Он прошел мимо Института благородных девиц, в котором училась Таня. Когда-то, когда они здесь прогуливались, она, посмеиваясь над пуританскими институтскими порядками, много ему рассказала о той былой поре… И вот здесь, в Университетском саду, они тоже иногда гуляли. Сад за эту зиму несколько поредел, многие деревья пошли на топливо, все же он был по-прежнему красив и источал тонкие летние ароматы и освежающую прохладу… Коммерческий клуб на Рымарской.
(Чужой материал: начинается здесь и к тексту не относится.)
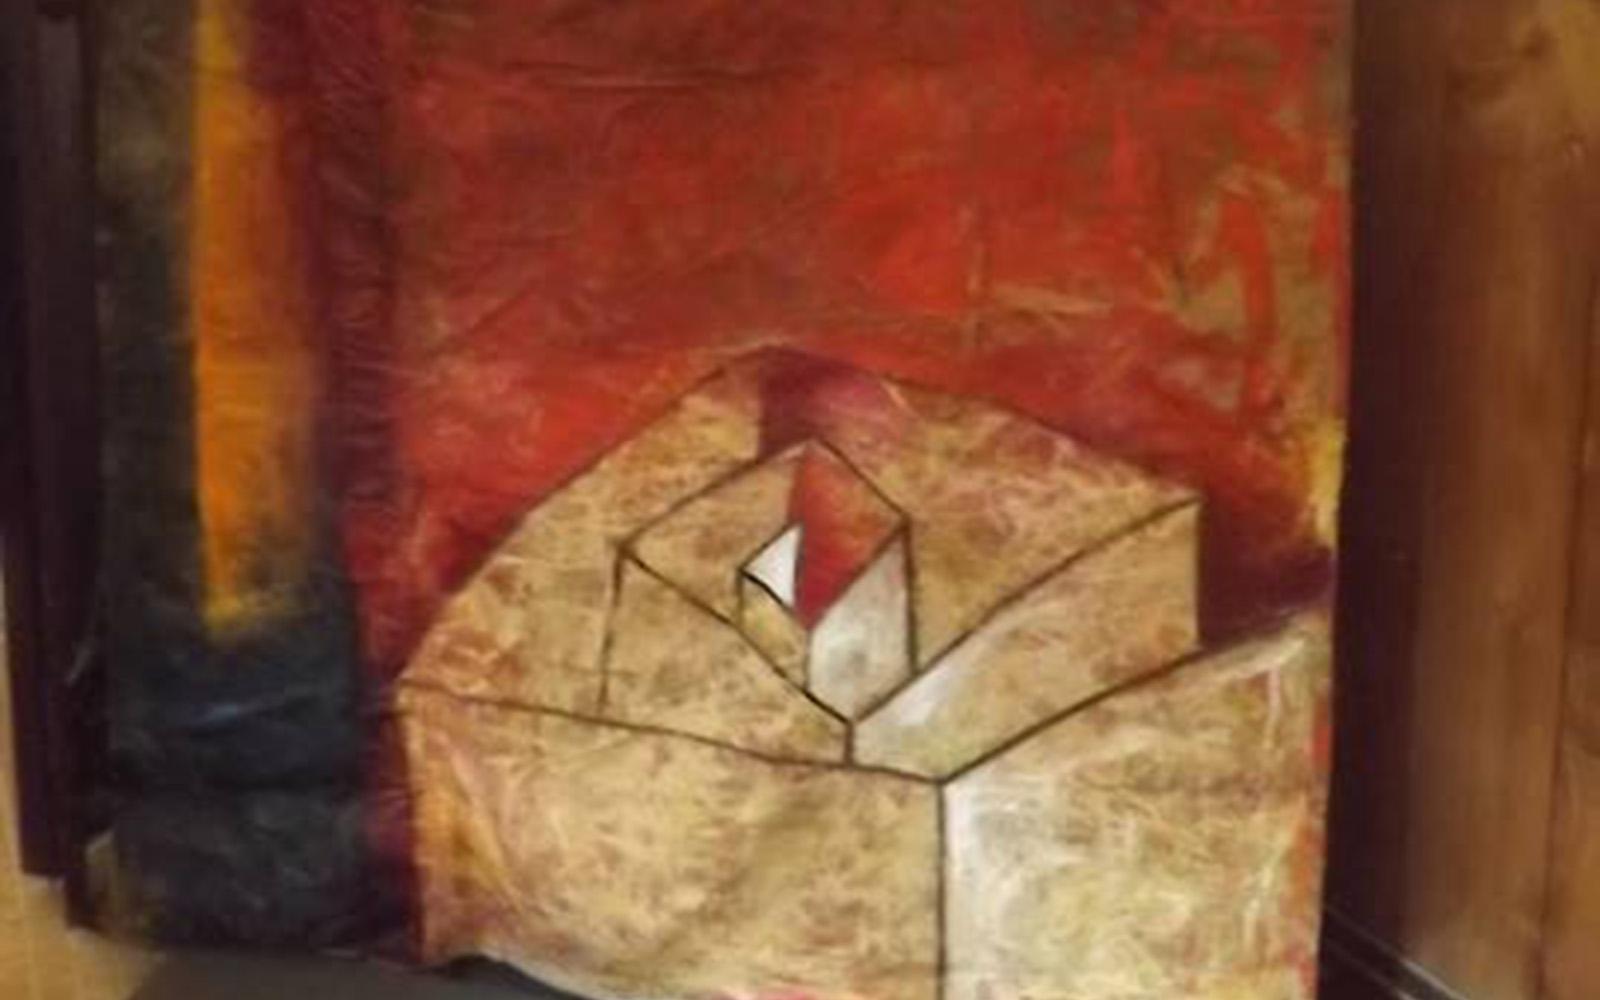 Stunning Vetrina Rossa Monza Ideas - Brentwoodseasidecabins.com ...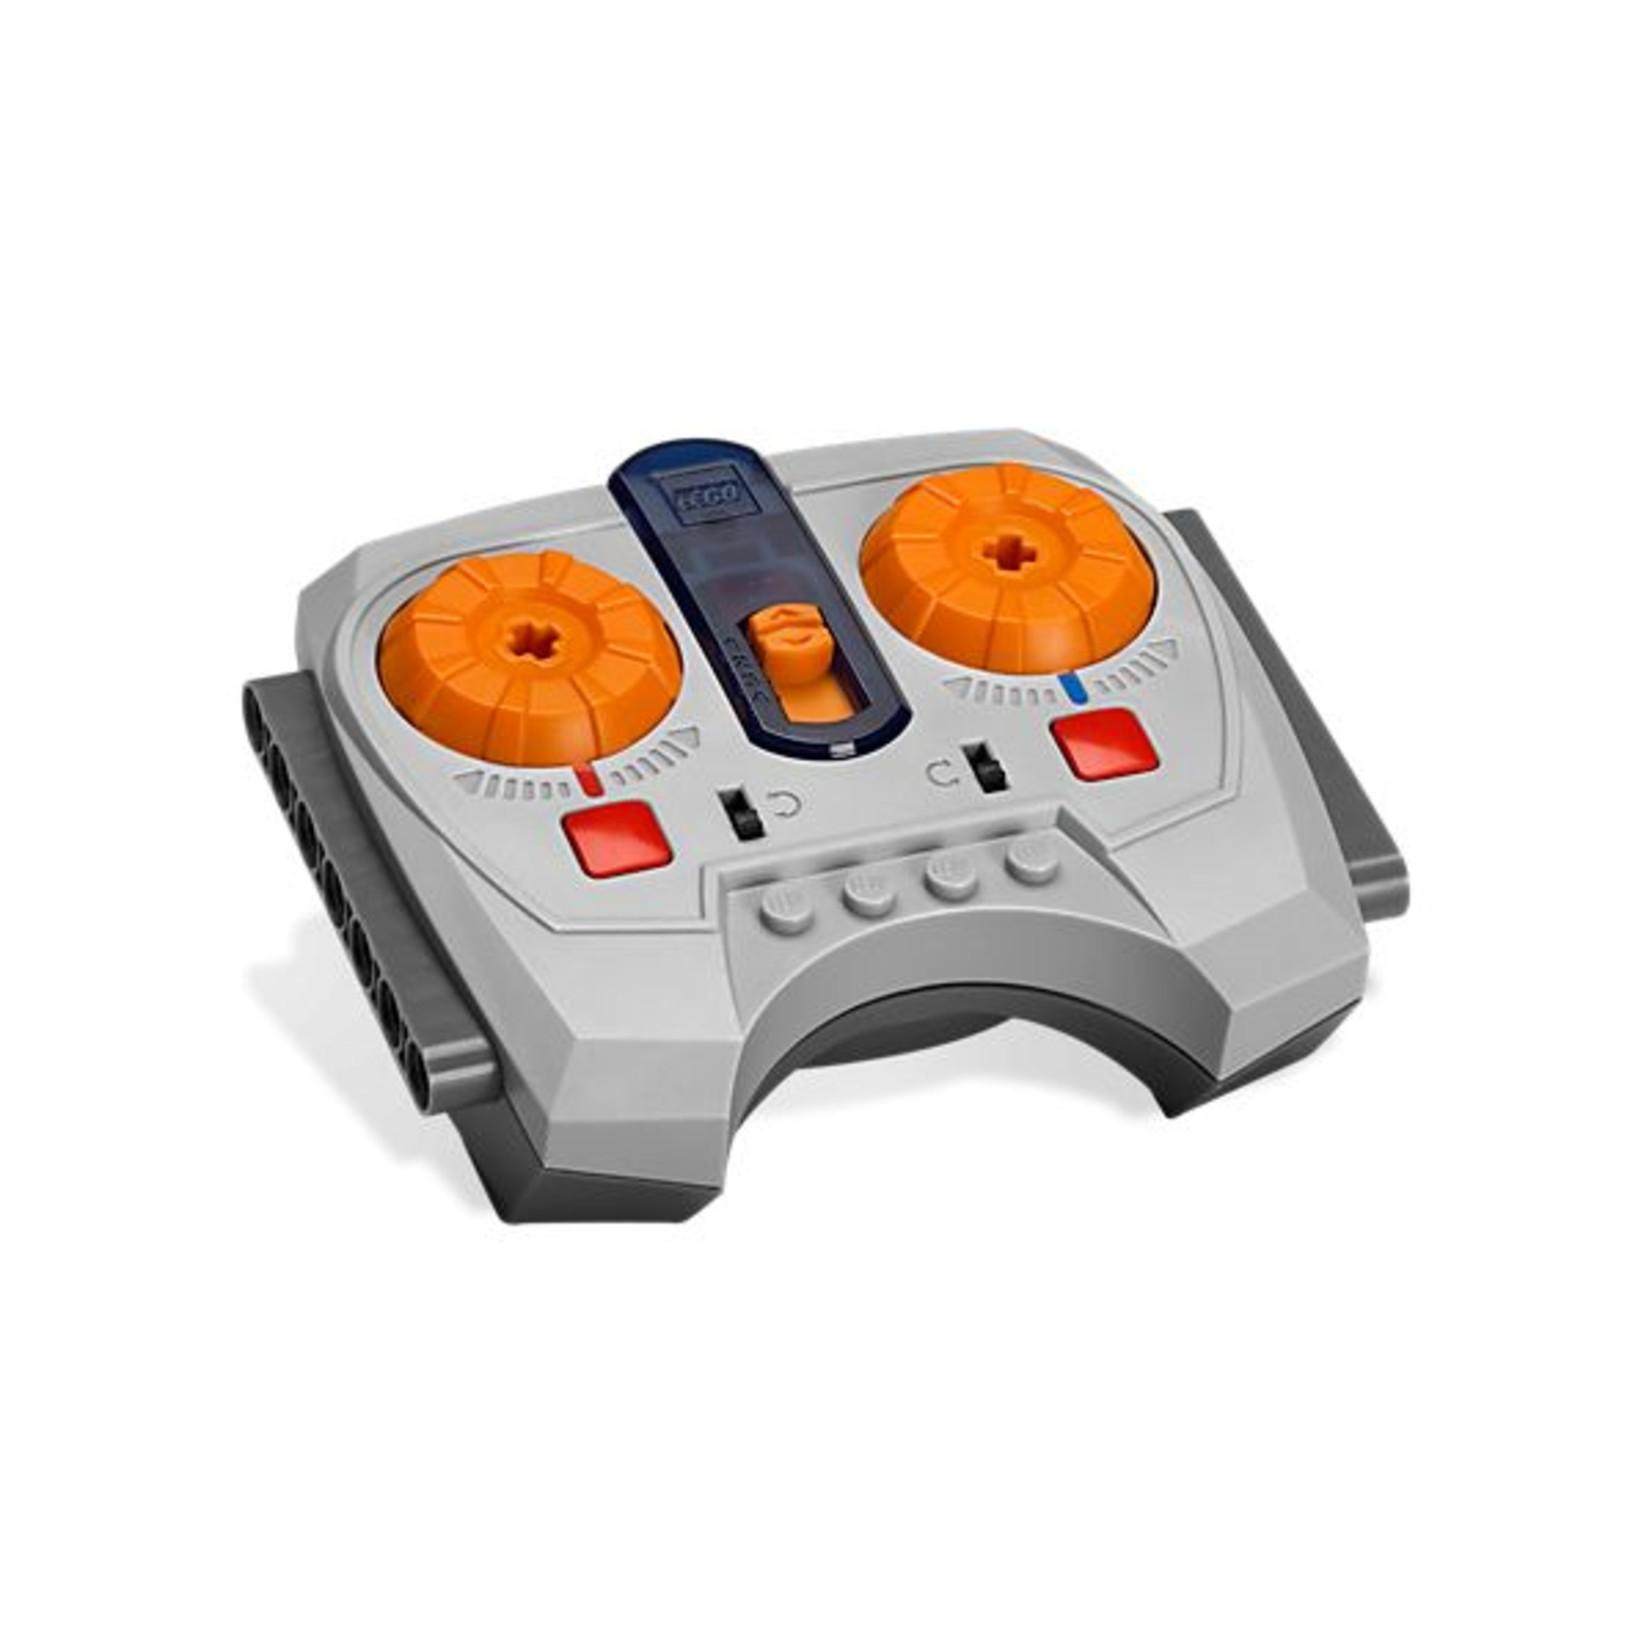 LEGO® Education IR Speed Remote Control (8879)

Здесь, в зале зимнего оперного театра, они слушали в ту пору «Кармен»… А вот тут, у небольшого сквеpa, близ ресторана «Буфф», он участвовал в мастерски срежиссированной, подстроенной драке, которая позволила ему с гордостью носить синяки, полученные при «защите чести незнакомой девицы». Все было сделано правильно, и единственное, что смущало его, – укоризненный взгляд Тани, которая, не в пример всей контрразведке, не очень поверила в правдивость изобретенной им истории.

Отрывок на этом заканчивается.